MEMORANDUM OPINION AND ORDER

SHADUR, District Judge.

Plaintiffs David Tomei and Dennis Murphy sue Morgan Finley and nine other defendants for declaratory and injunctive relief and damages. Plaintiffs moved for preliminary injunctive relief March 26,1981 and the Court set an evidentiary hearing March 27. At the time of the hearing defendant John Walsh, the only defendant filing an appearance by counsel and attending the hearing, 1 filed a cross-motion for dismissal of the action. For the reasons stated in this memorandum opinion and order, plaintiffs’ motion for injunction is granted and Walsh’s motion to dismiss is denied.

*696 Facts 2

Plaintiff Tomei is the duly elected Republican Committeeman for Lyons Township. That constitutes him the highest elected Republican official, holding a State of Illinois certification of office and having the right to appoint precinct captains, fill vacancies and otherwise direct the affairs of the Lyons Township Regular Republican Organization. Plaintiff Murphy is a Republican registered voter whose wife Deborah is candidate for Township Clerk on the Republican-sponsored township party in the upcoming April 7 election.

Defendant Finley (Clerk of the Circuit Court of Cook County) is Tomei’s opposite number in the Lyons Township Regular Democratic Organization. All the defendants other than Finley constitute the entire slate of township candidates of the party organized and sponsored by, and formally affiliated with, the Lyons Township Regular Democratic Organization of which Finley is the Committeeman (PI. Ex. 7). They are candidates for Township Supervisor, Clerk, Assessor, Collector, Highway Commissioner and Board of Trustees.

Because Illinois law imposes different requirements on established political “parties” than on political “committees,” the regular Democratic and Republican parties do not themselves field slates in the quadrennial township elections. Instead a “new” political committee is technically formed each time — reversing the old adage by putting old wine in new bottles. Thus the 1977 Republican-sponsored and -affiliated committee in Lyons Township was dubbed the “Government of the People Party,” running under the familiar GOP acronym. This year the technically new (but substantively identical) committee has been named the “Government for the People Party,” exercising poetic license by using the identical GOP acronym.

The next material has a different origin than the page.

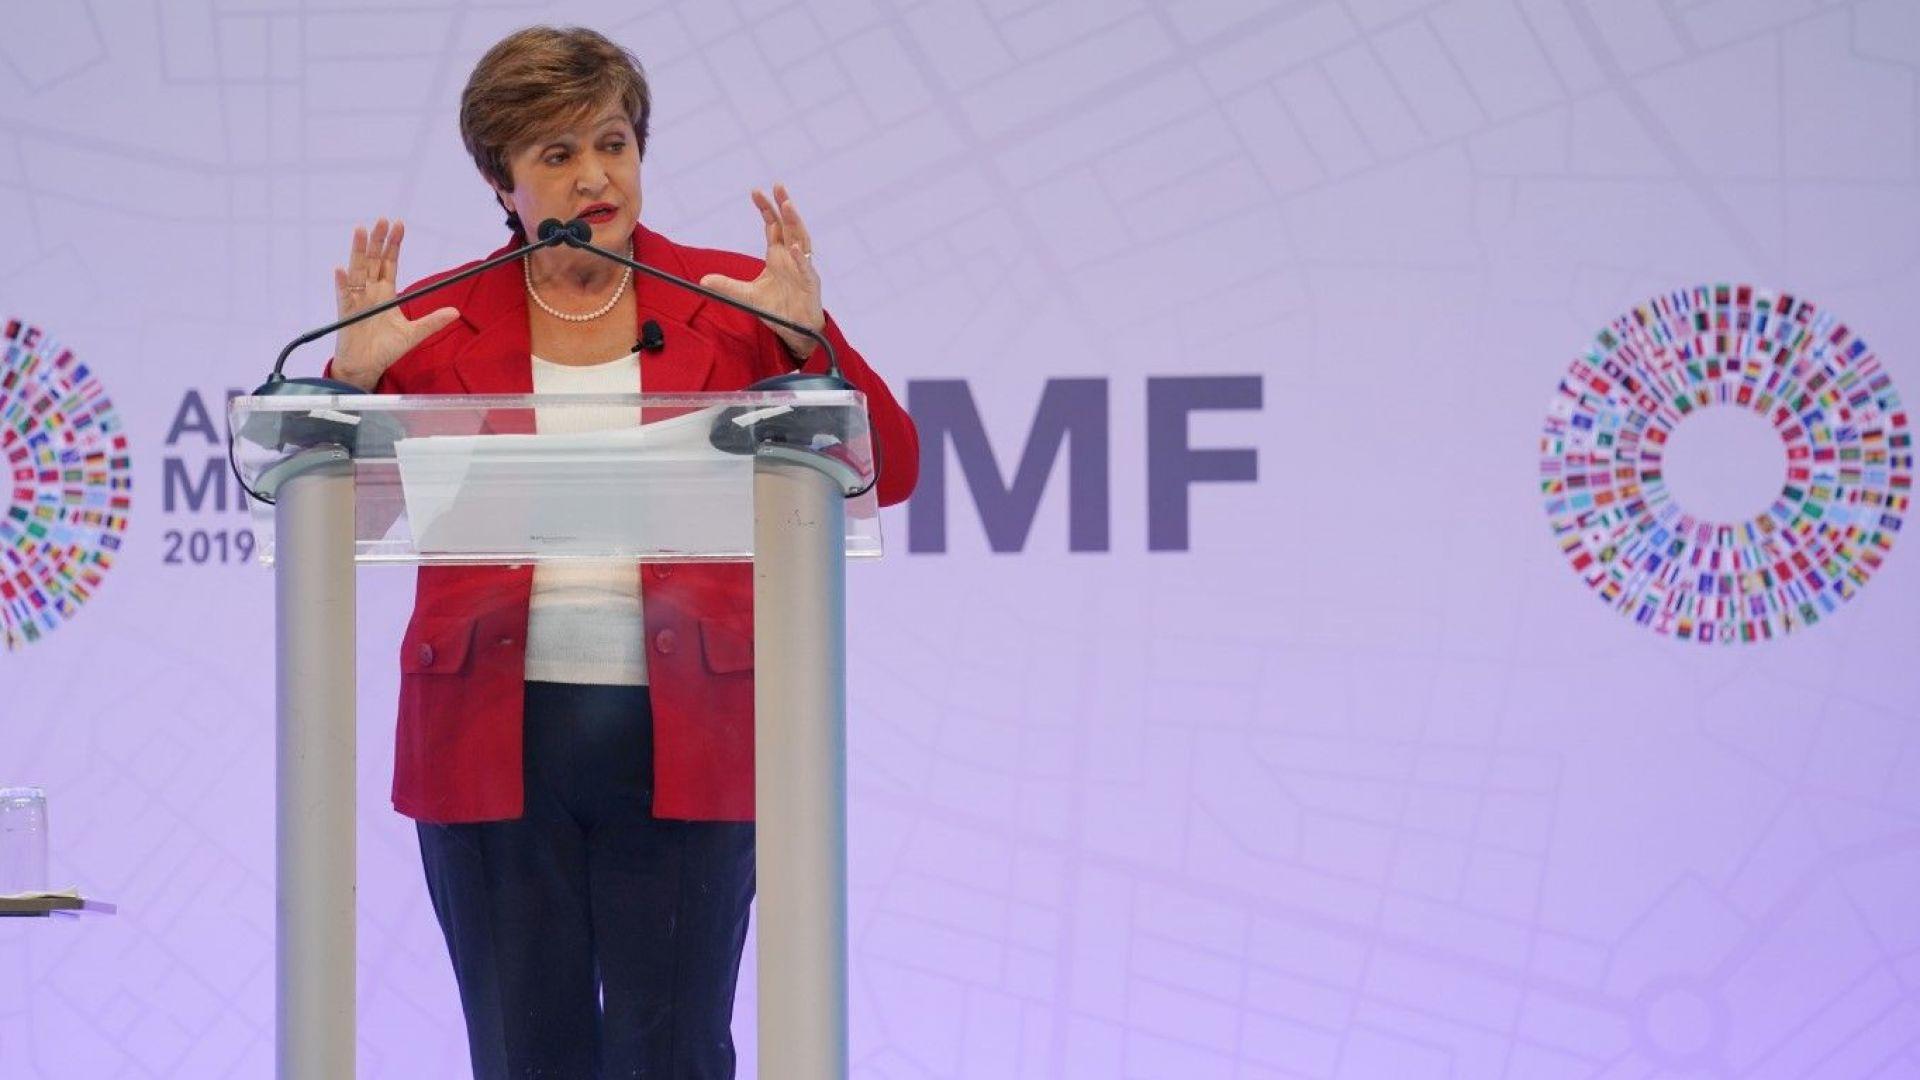 Кристалина Георгиева: Световната икономика е натрупала рекорден дълг,  което е опасно

Lyons Township is normally a Republican stronghold, the Republicans commanding the support of a clear majority of the voters. It was only in 1973, when the Democratic-affiliated committee adopted a name that confused the voters, that the Democrats were able to break Republican control of the township offices. Republican control resumed in 1977.

Late in December 1980 Finley and Tomei met for lunch as opposition leaders to discuss the forthcoming election. Both accepted the fact that the race would be difficult and expensive. Finley suggested that to avoid that head-torhead confrontation, the two parties (that is the Democrats and Republicans, for the “committees” that would nominally slate the candidates and conduct the election had not yet been formed) should agree on a coalition slate. Tomei said he would transmit that proposal to the Executive Committee of the Township Regular Republican Organization.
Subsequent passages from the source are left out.